In the records below, find each line that holds "Free" and return it.

[Saved entries]
________
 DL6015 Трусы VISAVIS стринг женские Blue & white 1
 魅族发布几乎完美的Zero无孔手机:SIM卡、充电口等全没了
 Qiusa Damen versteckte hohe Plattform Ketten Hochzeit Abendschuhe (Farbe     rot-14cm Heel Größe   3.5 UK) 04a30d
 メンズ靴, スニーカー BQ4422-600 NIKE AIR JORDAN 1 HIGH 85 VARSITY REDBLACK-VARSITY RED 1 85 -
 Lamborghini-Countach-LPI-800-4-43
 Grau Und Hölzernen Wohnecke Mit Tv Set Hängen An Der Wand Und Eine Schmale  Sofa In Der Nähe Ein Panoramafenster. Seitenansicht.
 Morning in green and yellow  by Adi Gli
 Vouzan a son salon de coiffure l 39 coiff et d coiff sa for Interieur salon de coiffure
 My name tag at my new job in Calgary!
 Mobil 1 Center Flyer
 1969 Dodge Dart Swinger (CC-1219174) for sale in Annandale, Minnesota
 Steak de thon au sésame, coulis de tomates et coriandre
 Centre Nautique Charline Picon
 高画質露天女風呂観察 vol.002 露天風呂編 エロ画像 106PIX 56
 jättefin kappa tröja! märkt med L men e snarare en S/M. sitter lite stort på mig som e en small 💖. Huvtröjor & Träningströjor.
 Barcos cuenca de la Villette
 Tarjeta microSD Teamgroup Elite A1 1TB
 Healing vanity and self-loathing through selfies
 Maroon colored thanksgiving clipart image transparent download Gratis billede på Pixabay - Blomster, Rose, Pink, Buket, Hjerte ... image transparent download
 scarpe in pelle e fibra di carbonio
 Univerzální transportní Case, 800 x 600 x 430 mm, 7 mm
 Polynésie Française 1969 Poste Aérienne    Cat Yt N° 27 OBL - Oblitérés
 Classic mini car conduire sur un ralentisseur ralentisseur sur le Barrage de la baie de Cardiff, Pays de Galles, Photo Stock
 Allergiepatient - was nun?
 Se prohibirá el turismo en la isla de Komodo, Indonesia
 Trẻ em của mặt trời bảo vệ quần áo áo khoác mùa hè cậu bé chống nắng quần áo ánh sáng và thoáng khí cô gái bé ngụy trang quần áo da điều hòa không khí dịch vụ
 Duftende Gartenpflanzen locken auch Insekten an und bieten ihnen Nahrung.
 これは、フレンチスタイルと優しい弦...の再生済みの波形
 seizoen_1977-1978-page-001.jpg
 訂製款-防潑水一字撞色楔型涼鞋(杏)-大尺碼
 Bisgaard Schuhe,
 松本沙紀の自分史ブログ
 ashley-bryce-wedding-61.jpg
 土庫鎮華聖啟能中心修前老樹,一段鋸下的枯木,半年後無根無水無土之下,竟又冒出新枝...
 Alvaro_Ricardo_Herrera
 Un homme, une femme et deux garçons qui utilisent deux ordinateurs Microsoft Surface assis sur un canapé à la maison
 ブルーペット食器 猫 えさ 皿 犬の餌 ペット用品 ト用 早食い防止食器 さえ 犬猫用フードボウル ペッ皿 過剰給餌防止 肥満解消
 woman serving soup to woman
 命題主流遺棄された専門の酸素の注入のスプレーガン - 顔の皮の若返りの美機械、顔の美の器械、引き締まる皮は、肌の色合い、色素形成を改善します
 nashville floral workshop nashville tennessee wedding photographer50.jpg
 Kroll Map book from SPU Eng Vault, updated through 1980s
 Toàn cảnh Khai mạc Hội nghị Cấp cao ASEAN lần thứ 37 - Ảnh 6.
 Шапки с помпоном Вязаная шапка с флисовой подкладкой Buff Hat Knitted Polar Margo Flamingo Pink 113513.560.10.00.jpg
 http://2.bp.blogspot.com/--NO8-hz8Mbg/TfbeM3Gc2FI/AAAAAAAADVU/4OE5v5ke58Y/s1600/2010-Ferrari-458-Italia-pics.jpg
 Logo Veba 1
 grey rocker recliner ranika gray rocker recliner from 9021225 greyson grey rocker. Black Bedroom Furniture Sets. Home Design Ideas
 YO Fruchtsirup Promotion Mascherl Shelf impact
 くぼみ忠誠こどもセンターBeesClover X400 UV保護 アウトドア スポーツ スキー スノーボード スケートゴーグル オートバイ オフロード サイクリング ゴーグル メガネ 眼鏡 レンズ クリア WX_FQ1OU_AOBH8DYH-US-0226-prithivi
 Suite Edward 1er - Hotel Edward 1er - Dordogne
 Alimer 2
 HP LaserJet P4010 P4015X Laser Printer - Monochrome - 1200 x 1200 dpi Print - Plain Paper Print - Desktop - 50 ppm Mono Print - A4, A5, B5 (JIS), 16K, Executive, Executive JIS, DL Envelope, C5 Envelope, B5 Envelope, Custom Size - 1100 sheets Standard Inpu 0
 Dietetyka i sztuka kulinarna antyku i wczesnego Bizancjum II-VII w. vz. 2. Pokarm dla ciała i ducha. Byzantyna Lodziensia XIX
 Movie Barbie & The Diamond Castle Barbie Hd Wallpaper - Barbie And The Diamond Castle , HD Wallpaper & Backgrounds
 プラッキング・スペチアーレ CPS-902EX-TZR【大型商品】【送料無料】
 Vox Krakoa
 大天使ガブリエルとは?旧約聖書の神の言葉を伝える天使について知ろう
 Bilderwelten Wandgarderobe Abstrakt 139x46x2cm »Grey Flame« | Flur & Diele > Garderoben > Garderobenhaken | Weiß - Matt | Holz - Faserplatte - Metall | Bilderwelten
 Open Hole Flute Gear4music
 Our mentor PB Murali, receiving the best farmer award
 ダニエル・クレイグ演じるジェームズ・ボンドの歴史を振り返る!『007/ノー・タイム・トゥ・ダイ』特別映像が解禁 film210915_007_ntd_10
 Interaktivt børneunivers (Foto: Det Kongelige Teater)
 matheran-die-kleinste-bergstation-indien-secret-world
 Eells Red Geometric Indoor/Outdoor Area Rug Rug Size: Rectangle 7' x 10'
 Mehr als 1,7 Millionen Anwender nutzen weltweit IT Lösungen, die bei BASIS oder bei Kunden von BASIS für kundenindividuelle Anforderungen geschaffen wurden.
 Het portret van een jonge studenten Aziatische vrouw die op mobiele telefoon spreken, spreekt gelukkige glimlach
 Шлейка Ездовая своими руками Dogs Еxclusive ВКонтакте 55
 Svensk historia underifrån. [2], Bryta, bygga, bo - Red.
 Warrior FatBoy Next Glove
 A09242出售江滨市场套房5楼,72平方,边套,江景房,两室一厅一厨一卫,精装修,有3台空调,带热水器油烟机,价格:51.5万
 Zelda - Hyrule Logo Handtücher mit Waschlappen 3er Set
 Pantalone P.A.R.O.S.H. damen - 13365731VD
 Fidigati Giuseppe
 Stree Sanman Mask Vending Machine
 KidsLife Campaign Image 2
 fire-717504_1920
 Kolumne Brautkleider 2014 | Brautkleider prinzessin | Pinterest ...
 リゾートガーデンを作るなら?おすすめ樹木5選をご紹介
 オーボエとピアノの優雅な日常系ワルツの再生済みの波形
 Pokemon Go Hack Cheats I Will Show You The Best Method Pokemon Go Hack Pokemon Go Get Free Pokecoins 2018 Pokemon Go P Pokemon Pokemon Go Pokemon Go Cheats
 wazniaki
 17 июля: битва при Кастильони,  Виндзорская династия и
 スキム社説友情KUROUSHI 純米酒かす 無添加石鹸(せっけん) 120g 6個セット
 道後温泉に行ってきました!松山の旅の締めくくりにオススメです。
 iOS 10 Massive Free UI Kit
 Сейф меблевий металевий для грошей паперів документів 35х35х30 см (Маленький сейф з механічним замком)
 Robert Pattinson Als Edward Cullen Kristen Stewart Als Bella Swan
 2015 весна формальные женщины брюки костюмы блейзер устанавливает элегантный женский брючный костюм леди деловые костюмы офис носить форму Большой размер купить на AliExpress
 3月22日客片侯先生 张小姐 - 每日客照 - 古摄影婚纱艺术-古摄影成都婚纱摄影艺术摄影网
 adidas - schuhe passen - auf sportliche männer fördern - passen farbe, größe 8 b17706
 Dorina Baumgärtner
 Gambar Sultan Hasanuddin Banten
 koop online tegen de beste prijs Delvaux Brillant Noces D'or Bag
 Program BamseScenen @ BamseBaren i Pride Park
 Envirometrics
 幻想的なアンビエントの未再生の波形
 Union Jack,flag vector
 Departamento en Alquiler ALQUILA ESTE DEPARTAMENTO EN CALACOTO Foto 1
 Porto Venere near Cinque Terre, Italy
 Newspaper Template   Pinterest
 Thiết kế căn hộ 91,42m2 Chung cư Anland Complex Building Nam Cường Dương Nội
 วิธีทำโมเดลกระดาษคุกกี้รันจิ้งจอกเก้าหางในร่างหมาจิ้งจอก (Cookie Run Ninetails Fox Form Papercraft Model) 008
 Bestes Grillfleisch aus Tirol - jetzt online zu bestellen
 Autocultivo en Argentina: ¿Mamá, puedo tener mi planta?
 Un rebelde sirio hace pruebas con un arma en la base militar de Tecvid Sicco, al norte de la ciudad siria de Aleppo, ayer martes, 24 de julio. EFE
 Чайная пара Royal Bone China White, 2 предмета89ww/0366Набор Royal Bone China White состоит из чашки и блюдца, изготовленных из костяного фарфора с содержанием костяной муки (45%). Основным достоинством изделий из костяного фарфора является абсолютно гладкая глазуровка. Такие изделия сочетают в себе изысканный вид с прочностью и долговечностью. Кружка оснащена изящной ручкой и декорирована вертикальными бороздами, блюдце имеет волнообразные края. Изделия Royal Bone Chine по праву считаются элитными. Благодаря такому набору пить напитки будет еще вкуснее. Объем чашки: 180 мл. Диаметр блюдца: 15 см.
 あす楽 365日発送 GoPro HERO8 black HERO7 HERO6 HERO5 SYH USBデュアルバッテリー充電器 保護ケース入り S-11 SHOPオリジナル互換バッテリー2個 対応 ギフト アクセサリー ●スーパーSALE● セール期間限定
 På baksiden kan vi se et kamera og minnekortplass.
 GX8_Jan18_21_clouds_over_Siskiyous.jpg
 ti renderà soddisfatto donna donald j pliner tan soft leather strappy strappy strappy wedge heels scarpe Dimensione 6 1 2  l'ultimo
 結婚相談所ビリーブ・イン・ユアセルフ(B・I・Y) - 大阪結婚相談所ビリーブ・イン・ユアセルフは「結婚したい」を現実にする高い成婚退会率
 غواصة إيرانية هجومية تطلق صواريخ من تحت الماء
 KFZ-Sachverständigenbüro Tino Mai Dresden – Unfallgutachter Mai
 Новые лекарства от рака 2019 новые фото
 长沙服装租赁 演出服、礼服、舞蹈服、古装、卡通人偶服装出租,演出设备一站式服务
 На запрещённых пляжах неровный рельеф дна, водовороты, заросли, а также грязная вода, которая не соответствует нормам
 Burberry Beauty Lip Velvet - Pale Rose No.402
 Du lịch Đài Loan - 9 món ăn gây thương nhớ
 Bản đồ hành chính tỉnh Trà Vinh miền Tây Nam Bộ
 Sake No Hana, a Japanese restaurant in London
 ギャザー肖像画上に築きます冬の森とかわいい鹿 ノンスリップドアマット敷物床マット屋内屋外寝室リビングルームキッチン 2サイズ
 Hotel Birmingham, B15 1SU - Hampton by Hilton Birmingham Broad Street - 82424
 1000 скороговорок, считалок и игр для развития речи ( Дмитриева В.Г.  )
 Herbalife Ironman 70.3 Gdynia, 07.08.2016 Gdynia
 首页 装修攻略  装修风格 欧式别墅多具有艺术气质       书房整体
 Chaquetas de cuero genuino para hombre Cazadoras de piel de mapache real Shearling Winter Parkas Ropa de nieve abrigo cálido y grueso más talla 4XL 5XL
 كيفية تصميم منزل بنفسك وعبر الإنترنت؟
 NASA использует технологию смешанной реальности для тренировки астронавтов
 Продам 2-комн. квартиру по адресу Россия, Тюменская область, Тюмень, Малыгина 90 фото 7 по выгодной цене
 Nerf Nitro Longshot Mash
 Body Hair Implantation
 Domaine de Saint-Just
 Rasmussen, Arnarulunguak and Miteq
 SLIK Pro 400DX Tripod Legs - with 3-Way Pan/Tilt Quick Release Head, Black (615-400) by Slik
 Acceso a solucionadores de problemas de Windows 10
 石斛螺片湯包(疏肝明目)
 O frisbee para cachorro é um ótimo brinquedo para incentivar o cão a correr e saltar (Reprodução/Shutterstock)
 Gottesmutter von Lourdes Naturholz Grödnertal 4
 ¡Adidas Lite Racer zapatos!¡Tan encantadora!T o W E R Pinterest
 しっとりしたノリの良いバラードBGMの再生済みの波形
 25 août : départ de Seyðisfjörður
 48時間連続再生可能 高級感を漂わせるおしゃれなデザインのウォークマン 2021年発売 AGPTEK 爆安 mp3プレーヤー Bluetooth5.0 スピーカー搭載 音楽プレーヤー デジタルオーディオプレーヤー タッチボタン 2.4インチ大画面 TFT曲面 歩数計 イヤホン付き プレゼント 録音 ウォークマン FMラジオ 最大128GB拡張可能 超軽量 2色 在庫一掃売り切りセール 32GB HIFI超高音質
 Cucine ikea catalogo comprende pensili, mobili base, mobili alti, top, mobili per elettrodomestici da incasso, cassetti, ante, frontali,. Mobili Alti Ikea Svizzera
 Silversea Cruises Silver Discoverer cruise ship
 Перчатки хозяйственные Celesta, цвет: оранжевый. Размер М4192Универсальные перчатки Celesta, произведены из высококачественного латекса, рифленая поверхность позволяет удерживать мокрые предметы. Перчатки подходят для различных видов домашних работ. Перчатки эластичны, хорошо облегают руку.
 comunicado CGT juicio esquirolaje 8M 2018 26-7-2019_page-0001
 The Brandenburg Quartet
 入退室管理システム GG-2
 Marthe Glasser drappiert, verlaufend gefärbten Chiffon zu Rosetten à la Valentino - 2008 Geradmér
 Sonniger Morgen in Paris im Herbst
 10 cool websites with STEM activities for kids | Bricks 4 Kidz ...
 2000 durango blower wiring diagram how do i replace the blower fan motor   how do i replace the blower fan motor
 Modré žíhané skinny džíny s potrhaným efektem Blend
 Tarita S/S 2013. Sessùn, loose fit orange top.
________
#### SOLUTION FOR THIS EXERCISE:
 Pokemon Go Hack Cheats I Will Show You The Best Method Pokemon Go Hack Pokemon Go Get Free Pokecoins 2018 Pokemon Go P Pokemon Pokemon Go Pokemon Go Cheats
 iOS 10 Massive Free UI Kit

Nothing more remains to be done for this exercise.